Exercise aim — Every line from the one holding "Throw Pillow featuring" through the one holding "True Stories #65 - The Collector" in the data below must be returned exactly, both ends included, with pictures left out and nothing else added.

Available records —
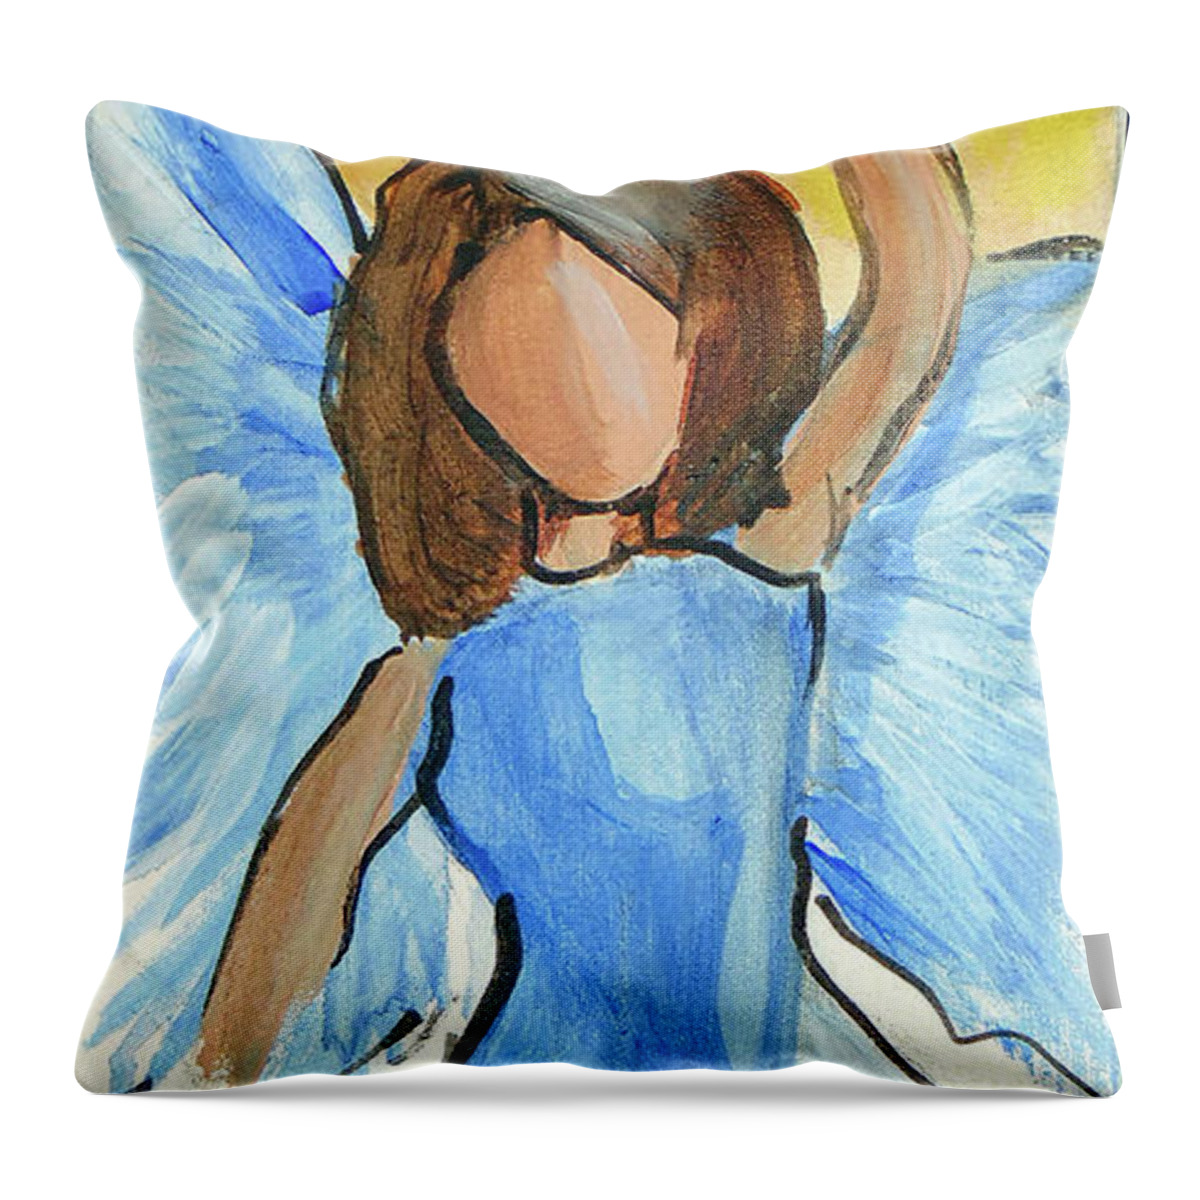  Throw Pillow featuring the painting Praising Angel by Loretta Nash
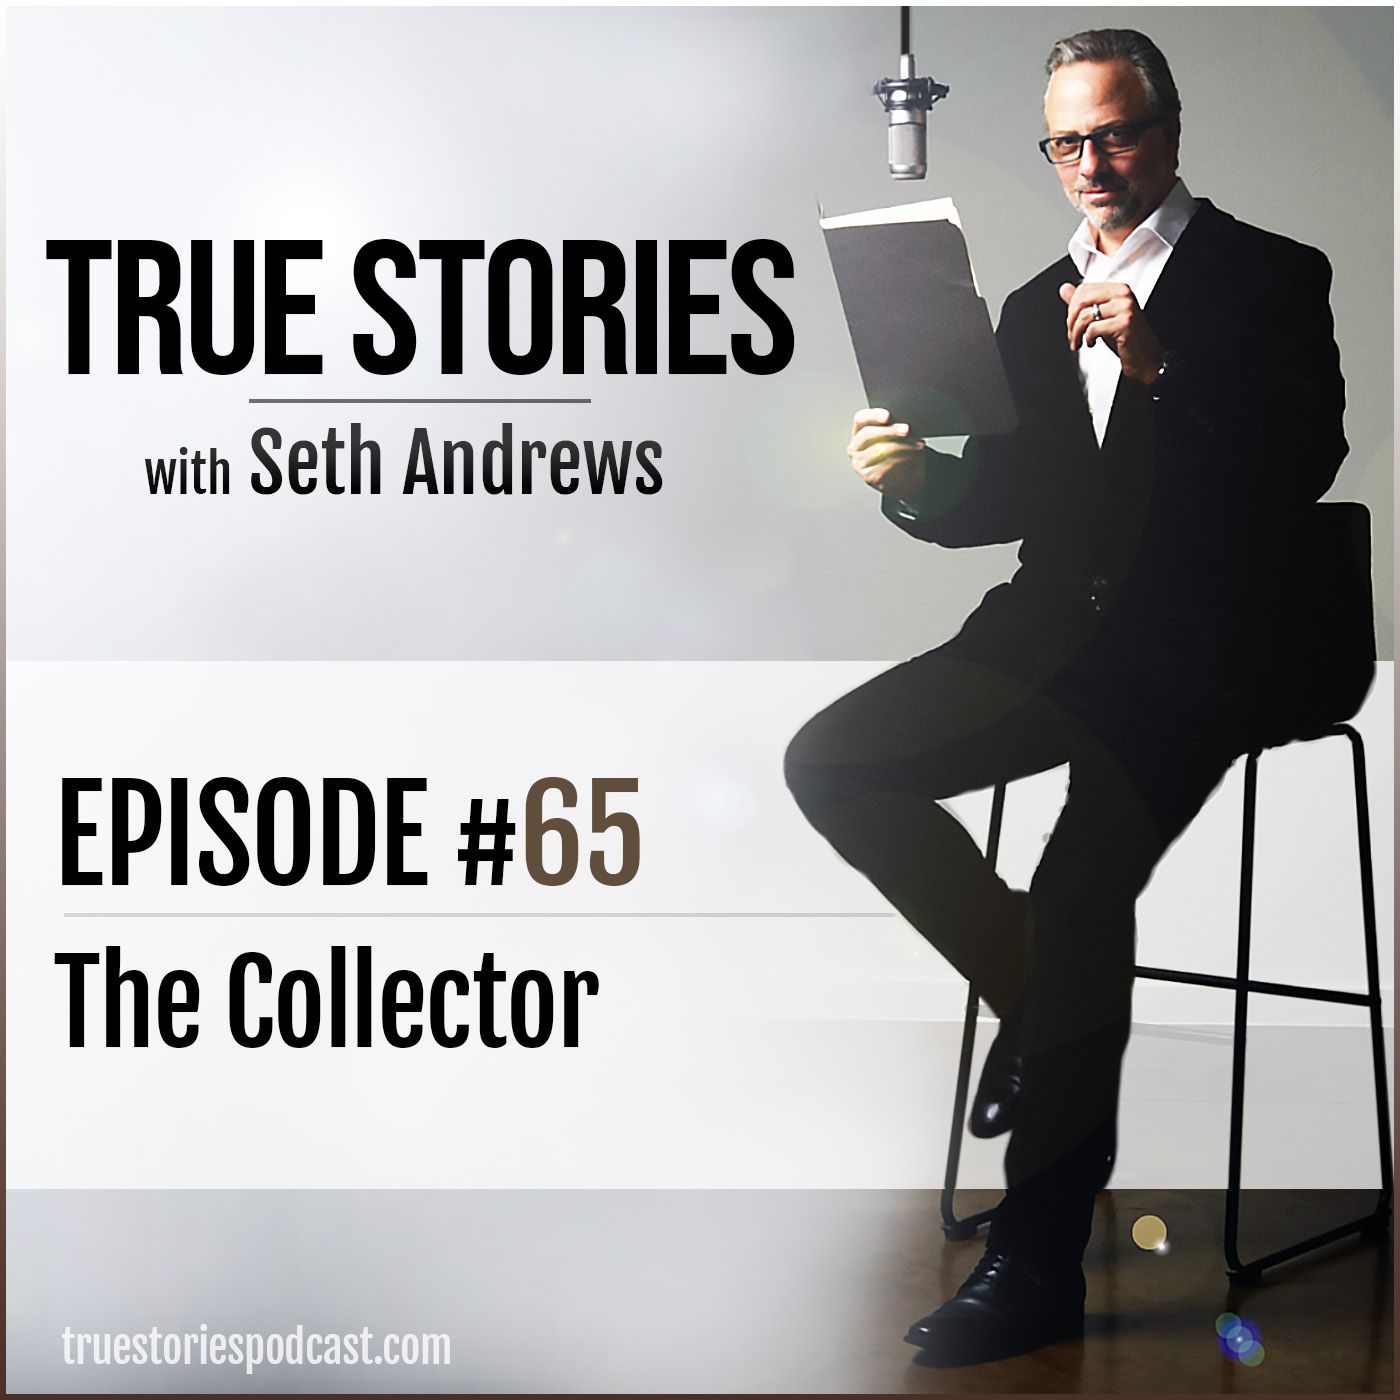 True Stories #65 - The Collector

* * *

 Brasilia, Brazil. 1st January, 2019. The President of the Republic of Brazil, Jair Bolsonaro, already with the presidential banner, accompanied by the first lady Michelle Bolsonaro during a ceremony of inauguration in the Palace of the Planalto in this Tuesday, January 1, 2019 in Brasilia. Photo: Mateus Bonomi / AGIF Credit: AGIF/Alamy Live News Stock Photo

Written answer —
  Throw Pillow featuring the painting Praising Angel by Loretta Nash
 True Stories #65 - The Collector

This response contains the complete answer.